4° le § 2bis est abrogé;

5° au § 4, les mots " et a pour conséquence qu'à partir de la date de publication au Moniteur belge, les demandes d'autorisations urbanistiques ou de permis de lotir sont introduites en première instance auprès de la députation et sont décidées par elle, et que toutes les missions de la commune en matière d'octroi de permis sont reprises par la province. Toutes les missions du fonctionnaire urbaniste communal seront de surcroît reprises par le fonctionnaire urbaniste provincial. Un recours peut être intenté auprès du Gouvernement flamand contre les décisions de la députation concernant les demandes d'autorisations. Le Gouvernement flamand détermine les règles relatives à l'introduction et au traitement de l'appel. " sont supprimés;

6° les §§ 5 et 6 sont abrogés.

Article 91. A l'article 195quinquies du même décret, inséré par le décret du 8 mars 2002 et modifié par le décret du 21 novembre 2003, sont apportées les modifications suivantes :

1° dans le premier alinéa, les mots " la condition mentionnée dans les articles 145bis et 195bis, premier alinéa, 3° " sont remplacés par les mots " la condition mentionnée dans l'article 126, § 1er, et dans la sous-division 2 du titre III, chapitre IV, division 2 ";

2° dans le deuxième alinéa, les mots " conditions imposées dans les articles 145bis ou 195bis " sont remplacés par les mots " conditions imposées pour l'application des réglementations décrétales en matière de reconstruction, de transformation ou d'agrandissement de constructions étrangères à la zone ou pour des travaux de stabilités étrangers à la zone. ".

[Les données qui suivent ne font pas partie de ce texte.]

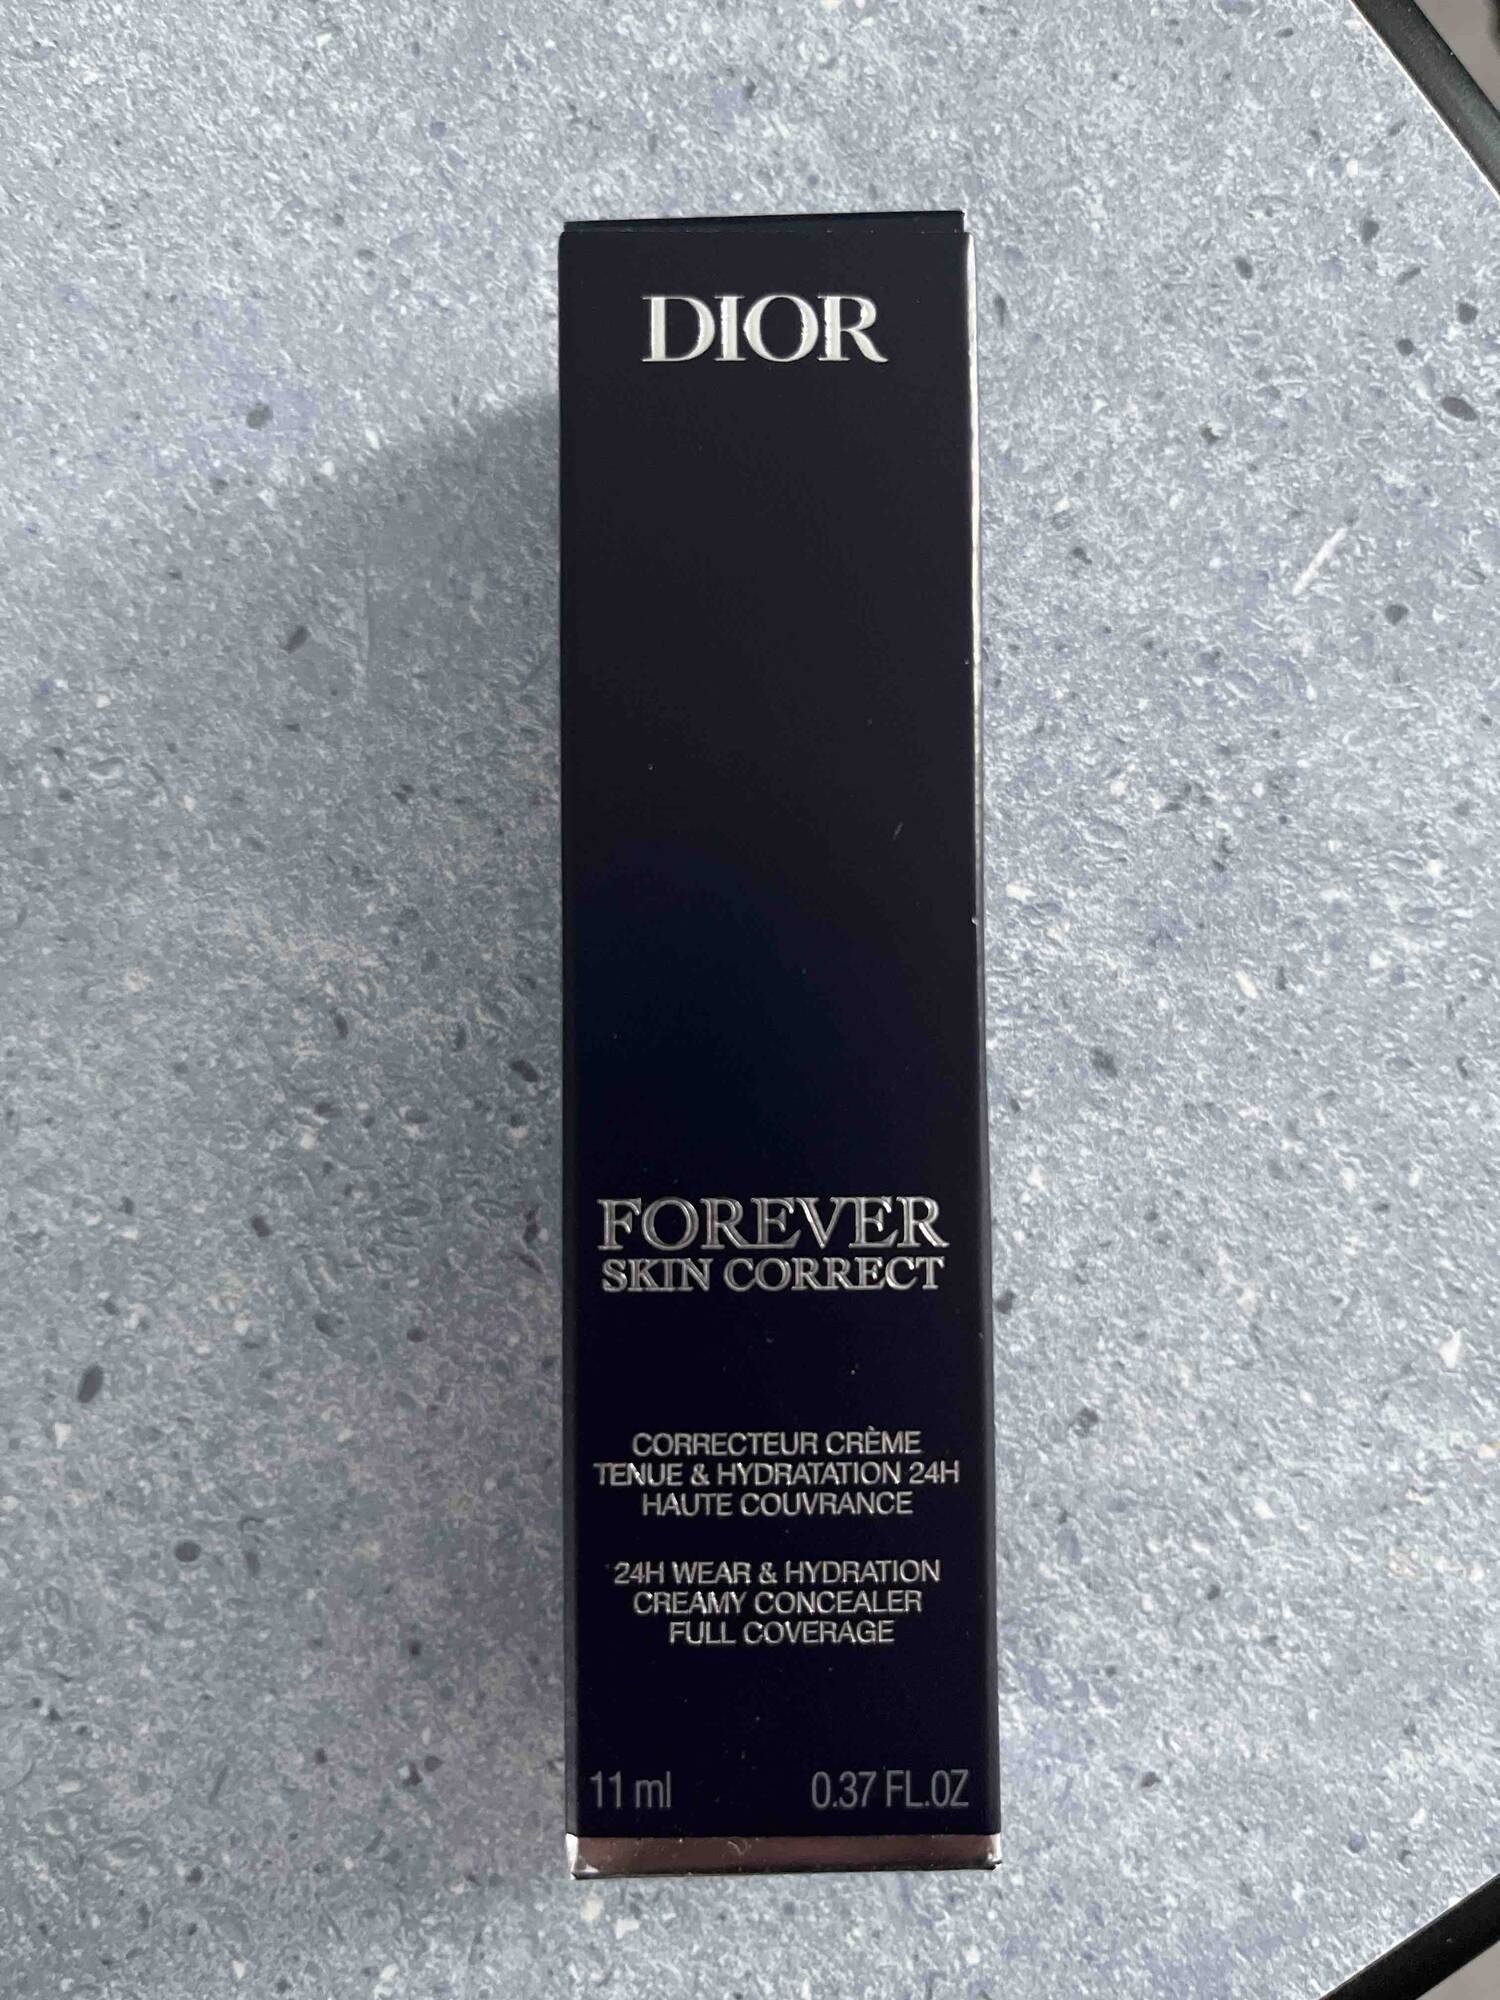 DIOR - Forever skin correct - Correcteur crème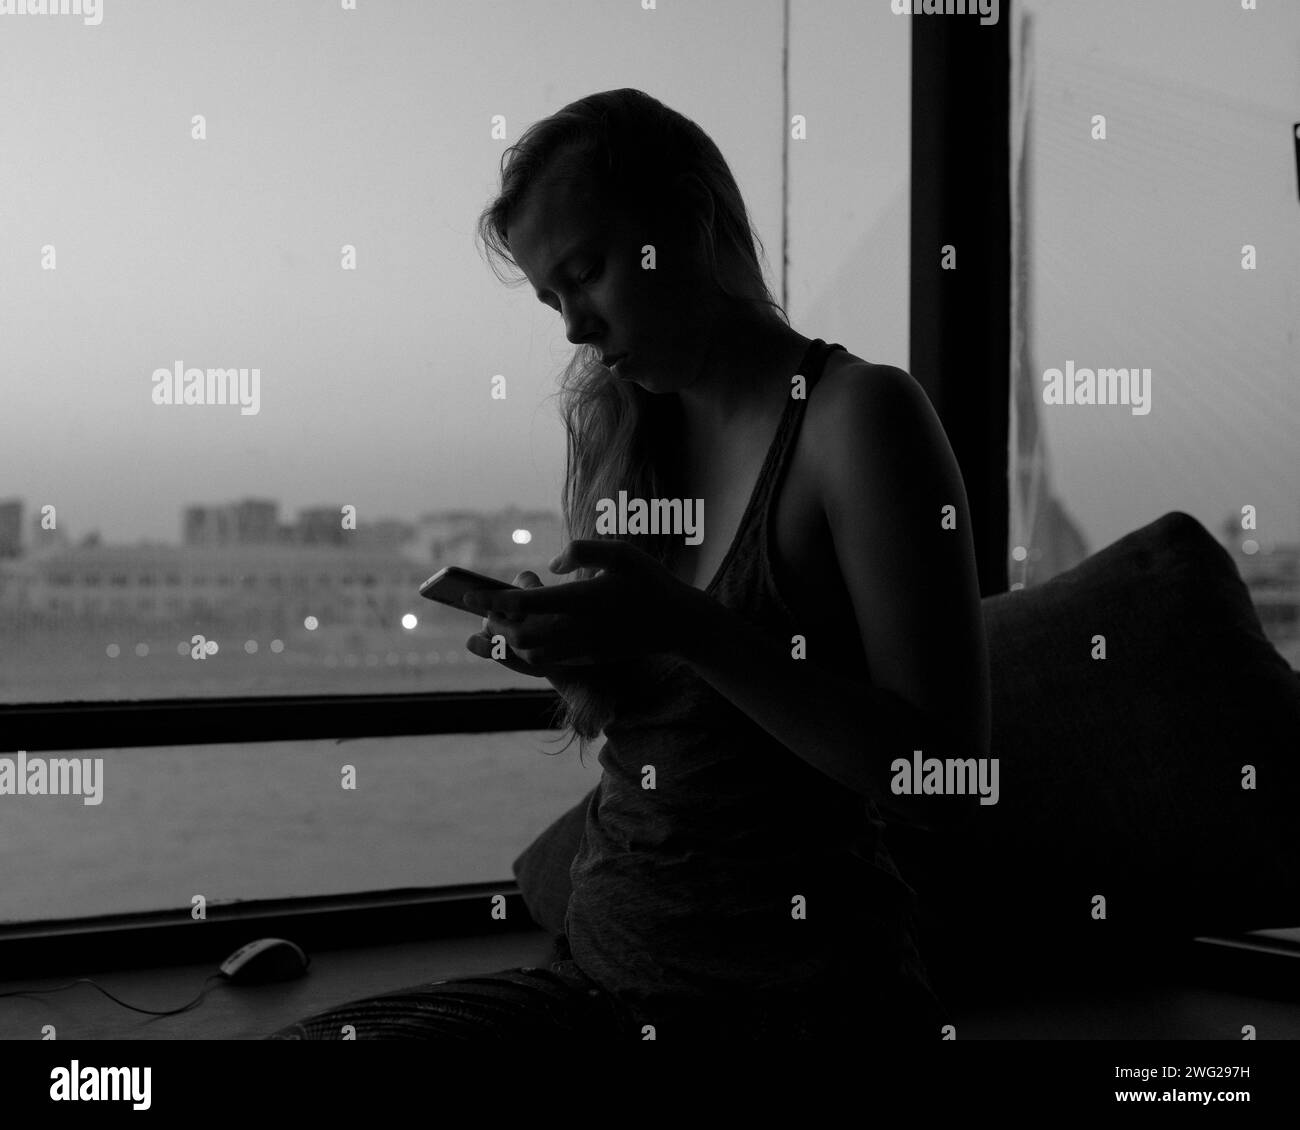 Una chica se sienta sola en una ventana. Foto de stock

Article 92. L'article 198 du même décret, modifié par le décret du 10 mars 2006, est remplacé par ce qui suit :

" Article 198. Le juge a la possibilité de soumettre pour avis les actions en réparation introduites avant le 16 décembre 2005 et n'ayant pas encore obtenu un avis du Conseil supérieur de la Politique de Réparation ou du Conseil supérieur de la Politique de Maintien, au Conseil supérieur de la Politique de Maintien.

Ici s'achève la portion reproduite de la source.